Il ne l’a pas fait. Le salopard. Il est retombé sur le canapé, et se prenant le visage à deux mains il s’est mis à chialer. C’était la première fois que je le voyais pleurer, et il pleurait comme un gosse, avec des sanglots et de la bave et de la morve qui coulaient, et ses épaules et son dos qui tressautaient comme s’il dégueulait. C’était pitoyable mais je n’ai pas éprouvé la moindre compassion pour lui. La seule chose que je regrettais, c’était de ne pas avoir pu lui tirer en plein dans la gueule, une occasion perdue qui, je le savais, ne se représenterait jamais plus.
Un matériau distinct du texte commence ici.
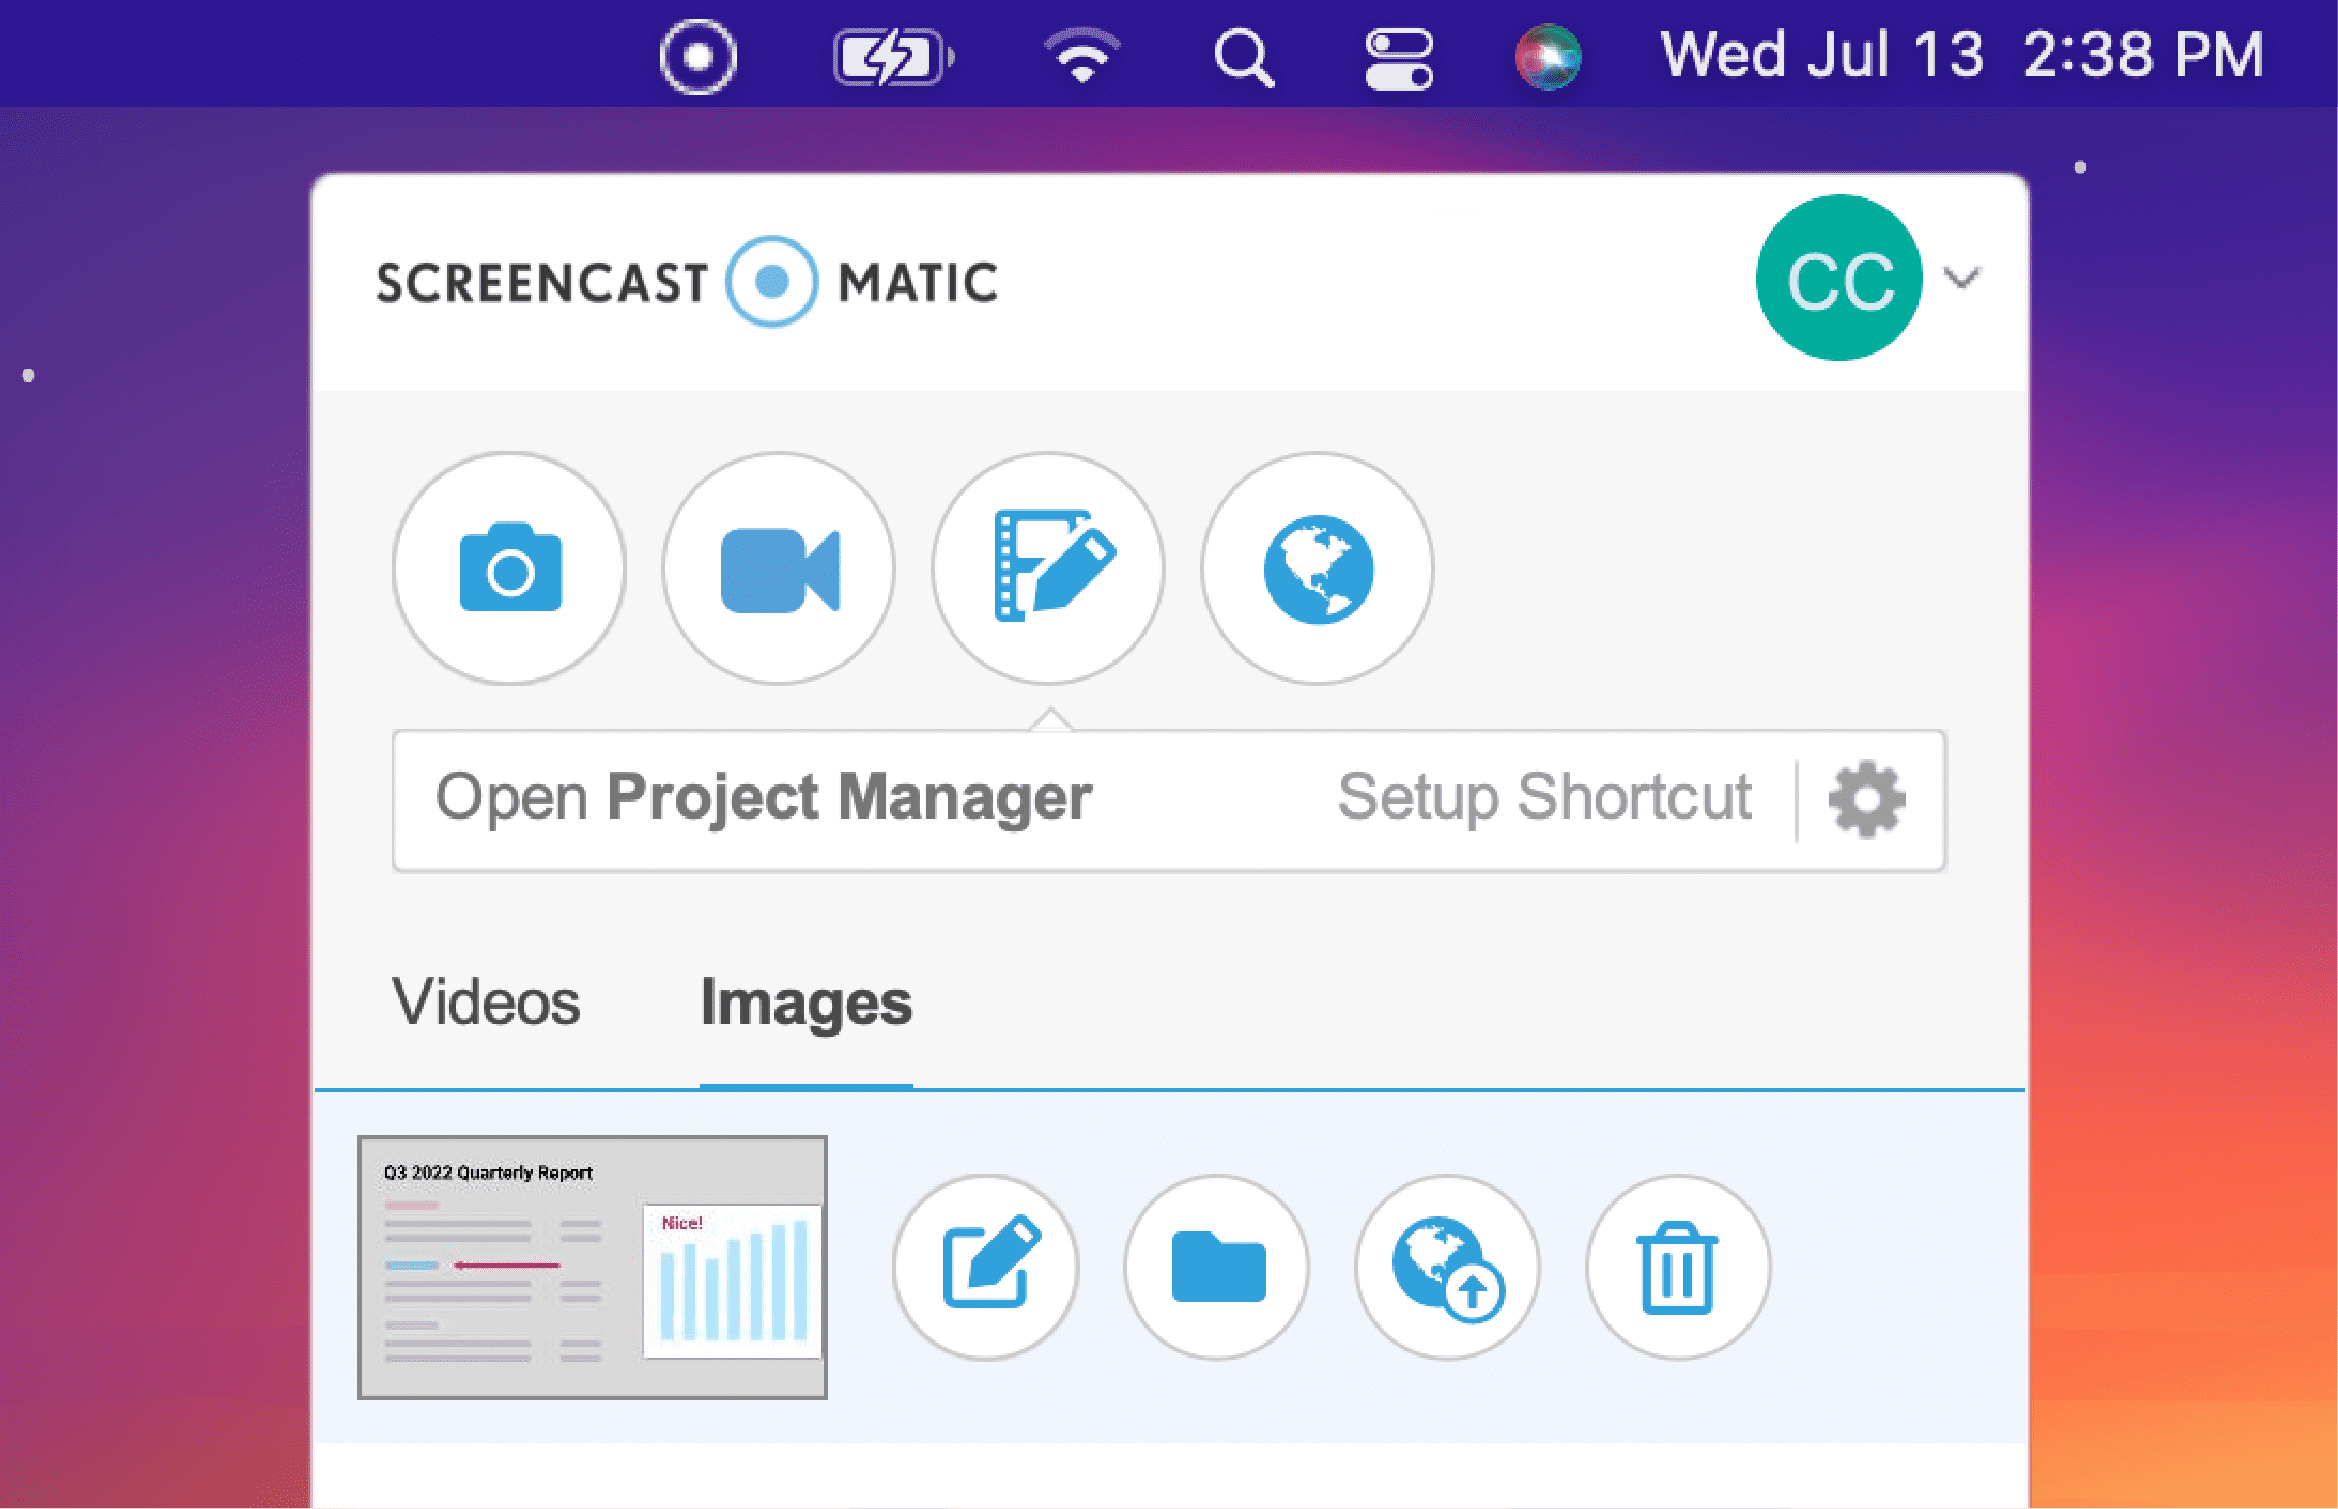 Take a screenshot on Mac or Windows with the quick launch screenshot tool

J’ai fait demi-tour et je suis revenu dans la cuisine où j’ai ramassé mon sac à dos. J’ai remis mon pistolet dedans, puis je suis sorti en fermant la porte derrière moi. Debout sur la terrasse, je me suis senti d’un calme incroyable et presque vieux, comme si j’avais déjà vécu la totalité de ma vie et que je ne faisais plus qu’une chose, attendre de mourir. C’était une journée fraîche et grise où on sentait la pluie venir. Les feuilles sur les arbres s’étaient retournées et montraient une teinte argentée. Un vent fort soufflait et on voyait s’amonceler des bancs de nuages noirs au-dessus de Jay où se forme une grande partie des orages d’été qui éclatent à Au Sable. D’un pas lent j’ai descendu les marches, je suis passé à côté de mon vieux vélo en train de rouiller et je suis arrivé dans la rue. Là, je me suis arrêté un instant en pensant à Willie et en me posant la question suivante : serait-il encore en vie si je ne m’étais pas enfui ? Et puis je me suis dit qu’aucun de nous ne serait encore en vie si je n’étais pas parti. J’ai pris à gauche en direction de la ville, et après avoir marché quelques minutes très lentement, comme si j’étais dans le brouillard, j’ai un peu accéléré le pas. Je me disais que j’avais intérêt à me presser si je voulais arriver à la clinique où travaillait ma mère avant que la pluie commence à tomber.